The device also helps me be explicit about what I am assuming. Starting with normally distributed PQ is a deliberate charitable premise: even granting the normality assumption, I want to show that what the organisation observes will not be normal, and more importantly, that the observed distribution cannot be used to infer the true one.

Before showing the results, I want to explain why I think simulation is the right tool for this problem, because I believe it is underused as a thinking practice in HR and People Analytics - and in business more broadly.

The argument I have been making in the preceding sections is hard to hold in your head all at once. Four selection stages, each with its own error rate, operating on an unknown true distribution, compounding over five years - the verbal argument can gesture at this, but it cannot make you feel the scale of the distortion. The standard intuition that “a big enough sample reveals the true distribution” fails here precisely because the sample is itself the product of the processes we are trying to understand. More data does not help; the data is the problem.

Simulation forces a different kind of clarity. You must make your assumptions explicit. You cannot write “differential attrition” as a vague phrase and then proceed; you have to specify a quit probability function, decide whether it responds to true PQ or measured PQ or the gap between career expectations and the firm’s signals, and commit to numbers. That process of commitment is epistemically valuable - it reveals where your argument depends on assumptions you have not examined, and where it holds across a wide range of plausible values.
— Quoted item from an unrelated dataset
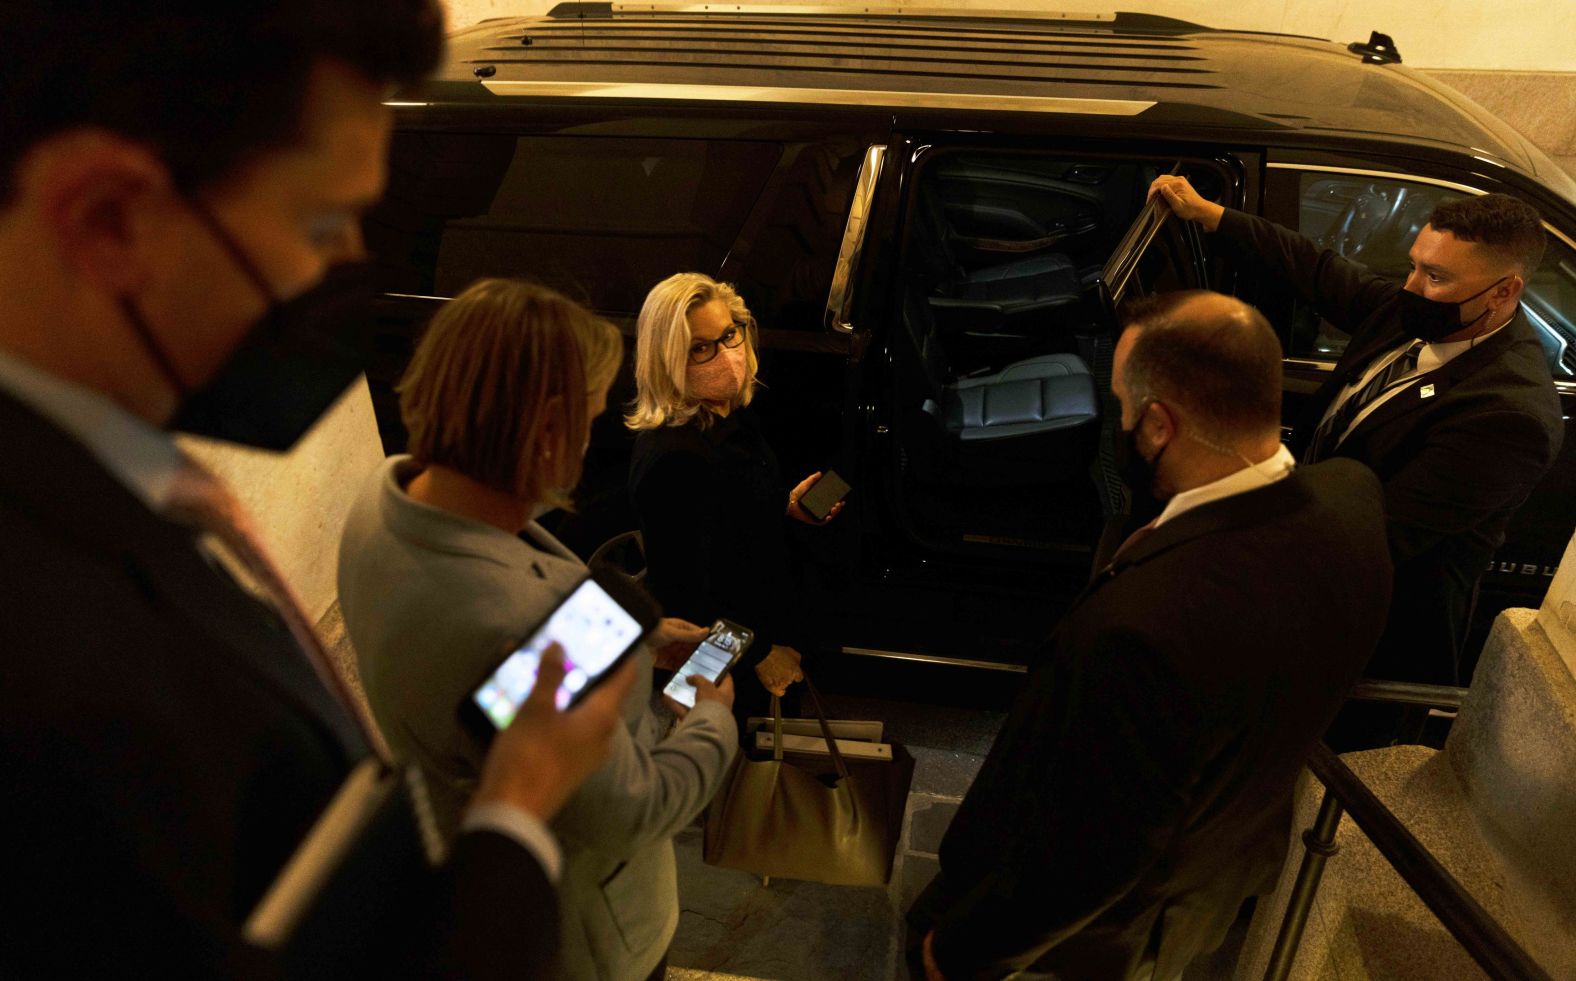 Cheney heads back after her speech Tuesday night. "She's not a yeller and a screamer," photographer David Hume Kennerly said. "As you've seen from her statements, she's very measured. That's just her personality. She's very strong."

In my experience, the standard research process in People Analytics goes: question → data collection → statistical analysis → conclusion. The simulation step - which would sit between question and data collection, asking “what would we expect to find if the mechanism we are hypothesising were actually operating?” - is almost always skipped. The result is that practitioners often lack a strong prior about what the data should look like before they examine it, which makes interpretation harder and increases the risk of finding patterns that confirm prior beliefs rather than testing them. A simulation built before looking at the data is one of the few tools that can genuinely discipline that process.

What the simulation shows

I ran a simulation in R across five annual cycles, hiring from a pool of 1,000 applicants each year at a 20% selection rate, applying a realistic selection procedure (validity 0.40), differential attrition by PQ rank, performance management of the bottom 5% annually, and targeted retention bonuses for high performers.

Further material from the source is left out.